Some couples have simple divorces because they share limited property and debt or do not have children together. Others have more complex situations because they co-own real estate, have a business or shared a long marriage with many commingled assets and debts.
Review circumstances in which individuals should consider consulting a financial expert during a divorce.
Limited financial knowledge
In some marriages, one spouse manages the finances and the other spouse may have only vague knowledge of the couple’s monetary situation. This may occur if one person left the workforce to care for children, for example. In this situation, a financial advisor can help the spouse with lower income plan to establish a separate household. Otherwise, this person may have a significant disadvantage during the negotiation process.
Complex property division needs
A financial expert can help you craft a negotiation strategy for dividing shared property. A comprehensive strategy must consider the value of real estate, business interests, assets, collectibles, art and other diverse assets. People in their 50s and 60s also have concerns about approaching retirement. A financial planner can advise on the tax consequences of a proposed property division agreement.

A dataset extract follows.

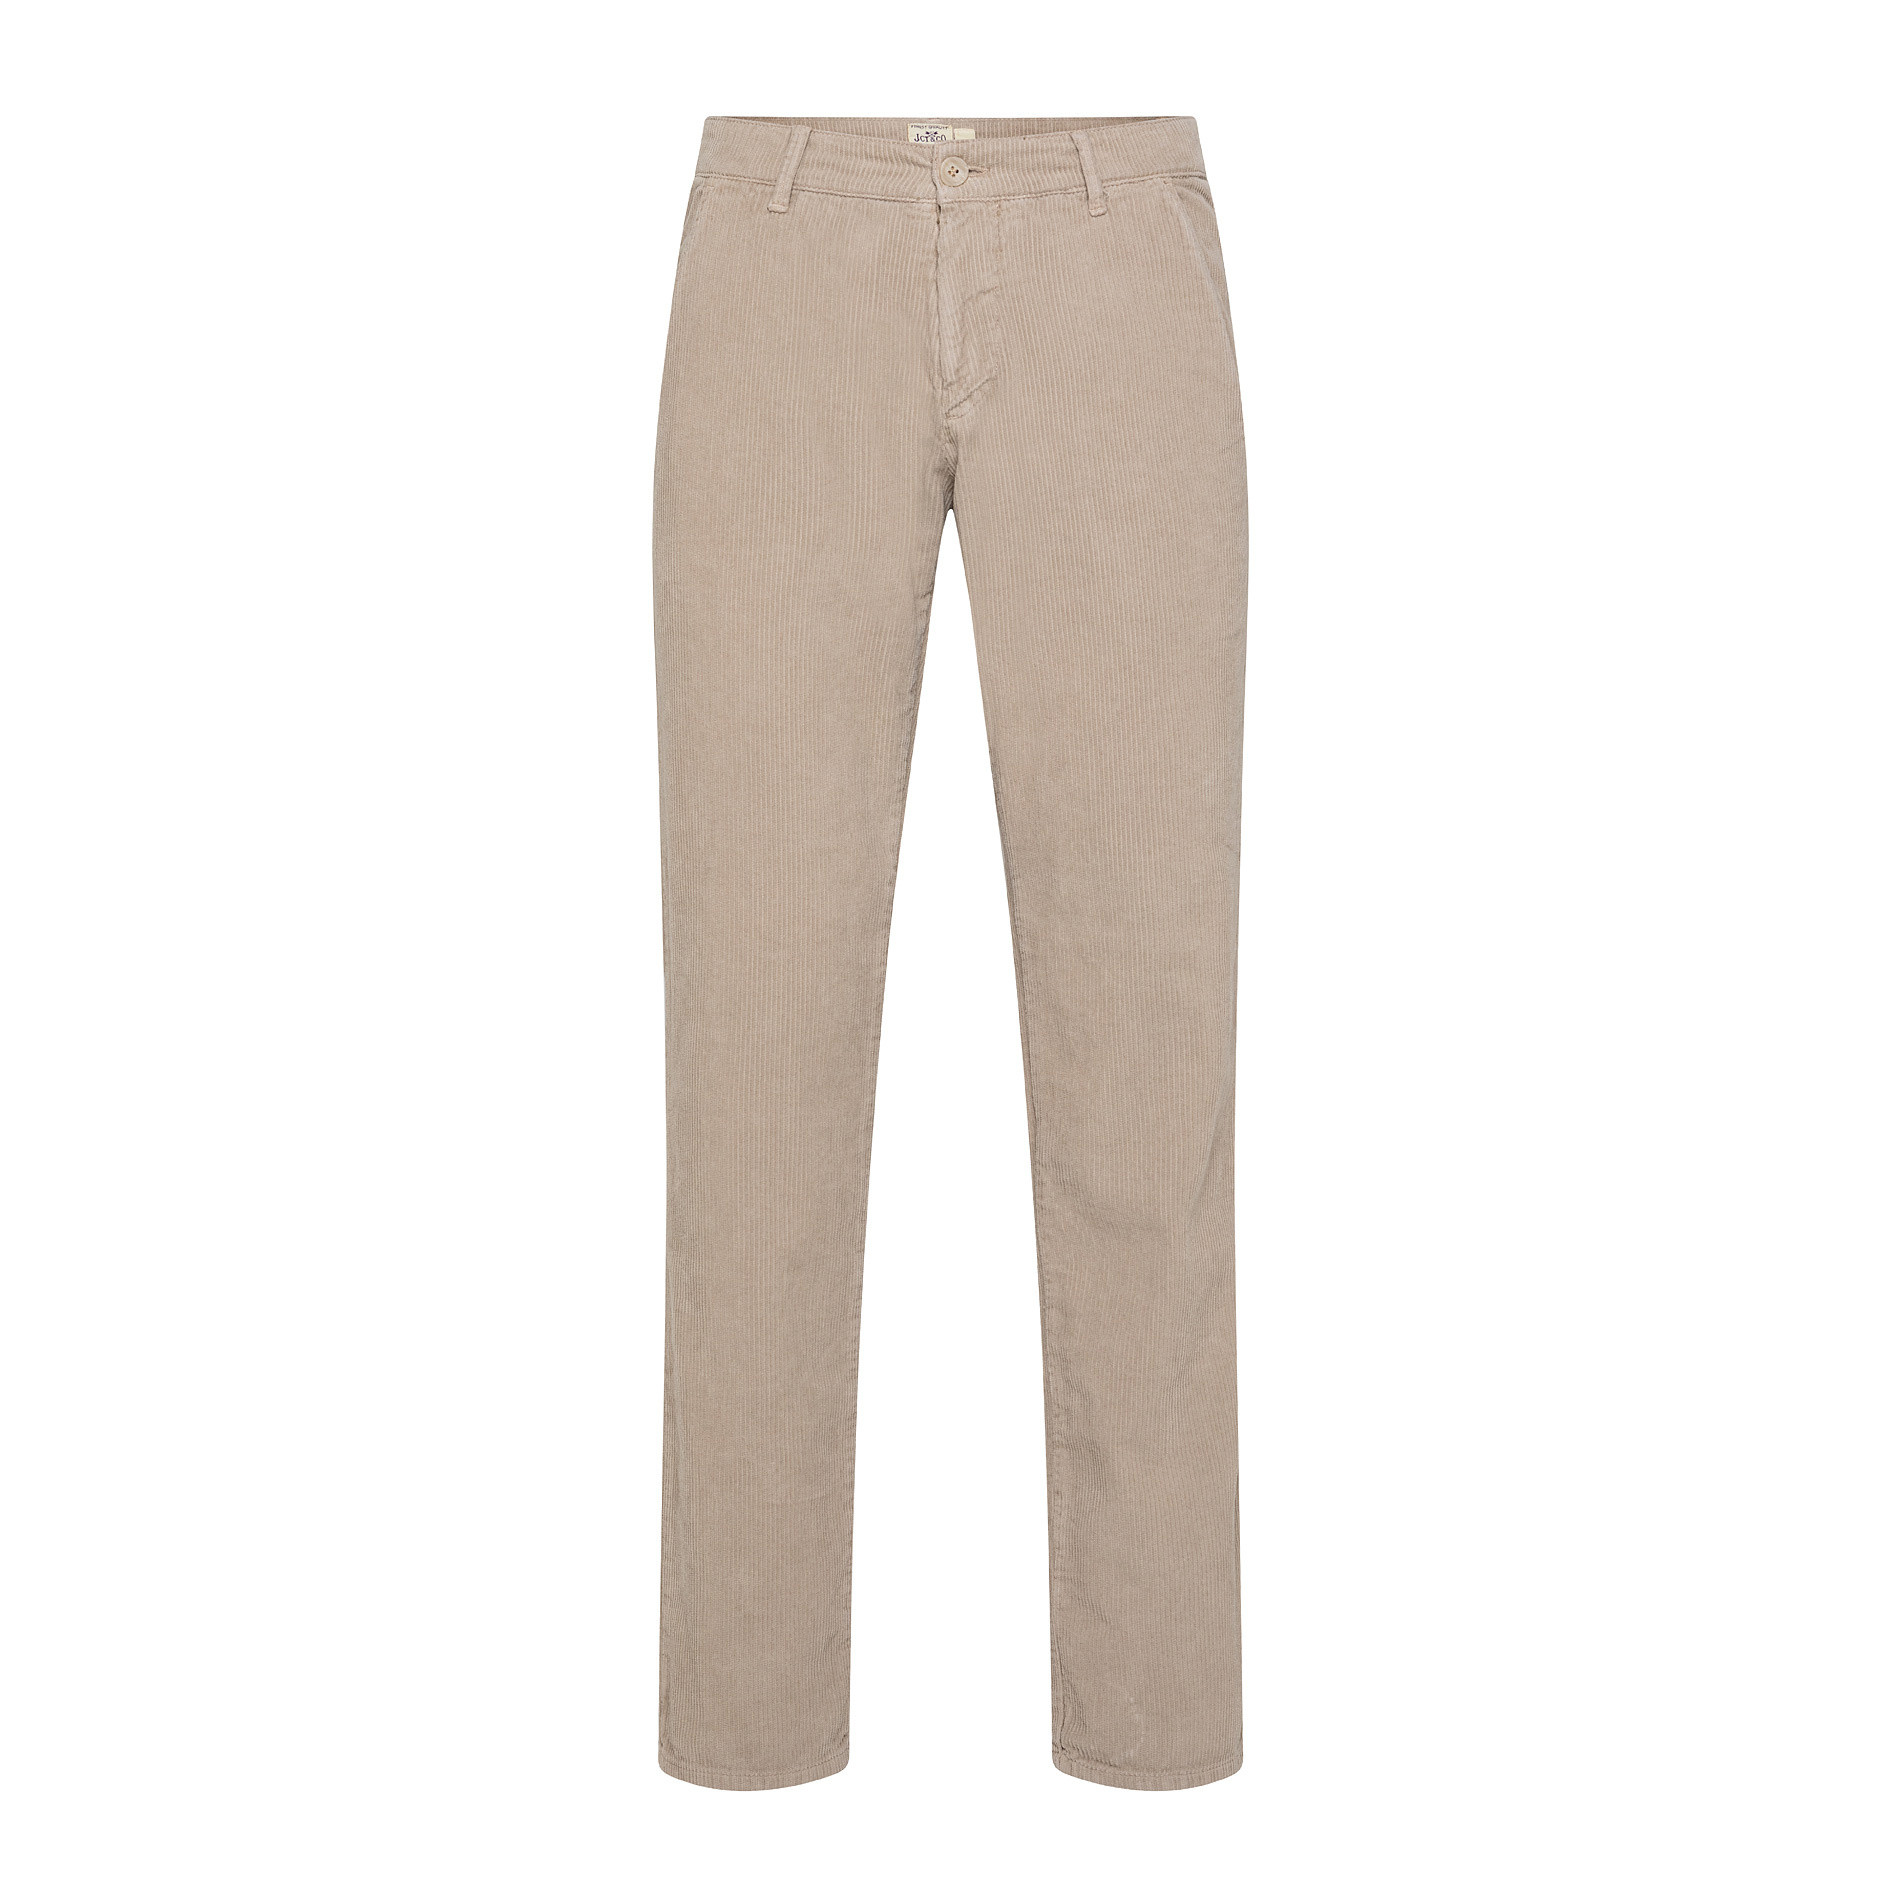 Pantaloni chino velluto stretch, Beige chiaro, large image number 0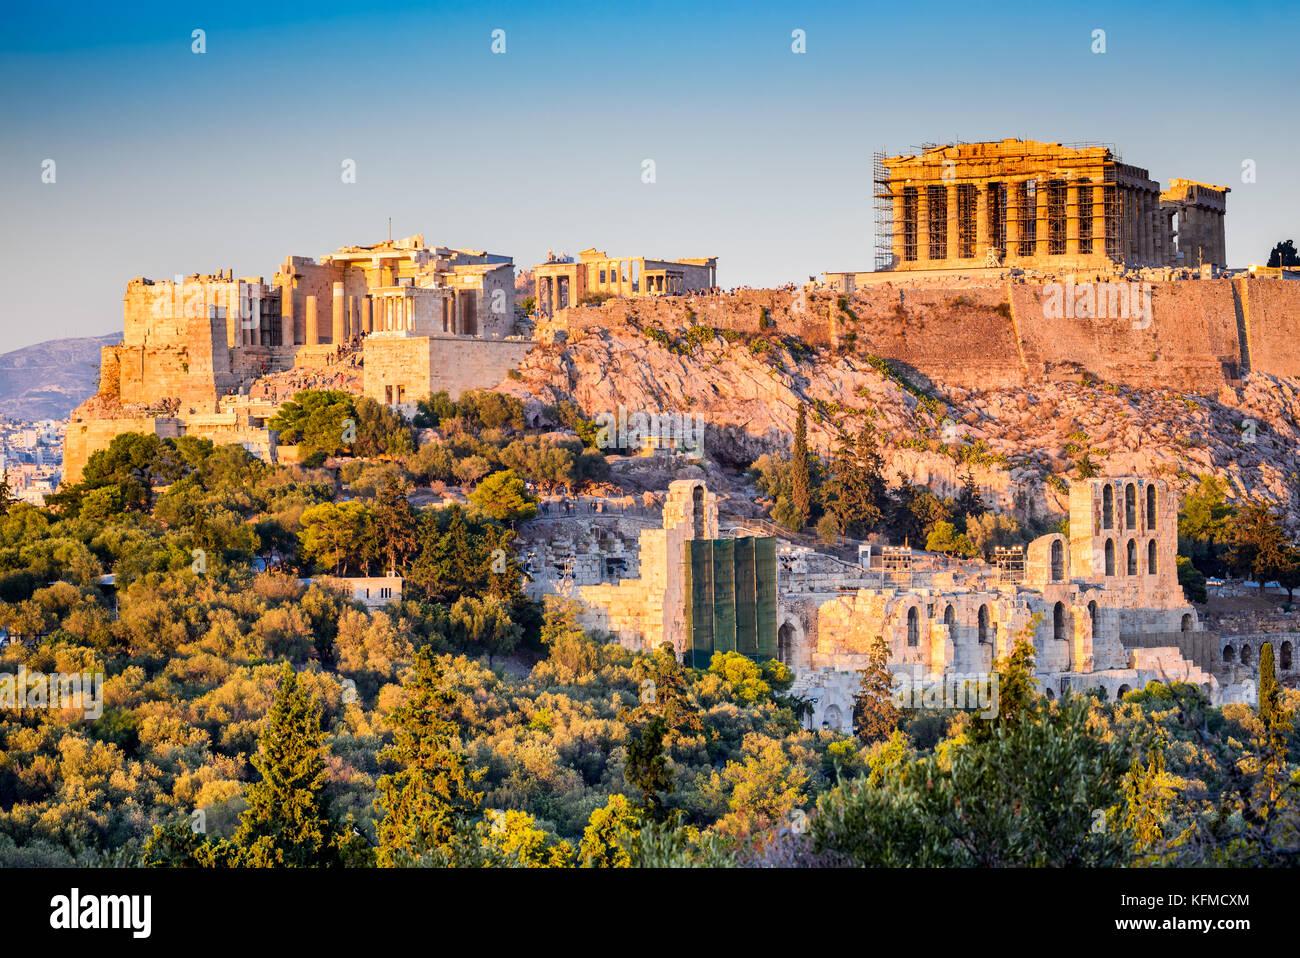 Athens, Greece. Acropolis, ancient ruins of Greek Civilization citadel with Parthenon temple. - Stock Image

Financial analysts can also serve as expert witnesses in divorce mediation or litigation. They provide details about the couple’s financial information to support their clients’ cases, whether negotiating a property division agreement or investigating potential financial misconduct.
Consulting a financial expert in these circumstances can help ease monetary concerns during a divorce. Some certified financial planners also have a certified divorce financial analyst credential. Others specialize in property valuation, business valuation and fraud examination.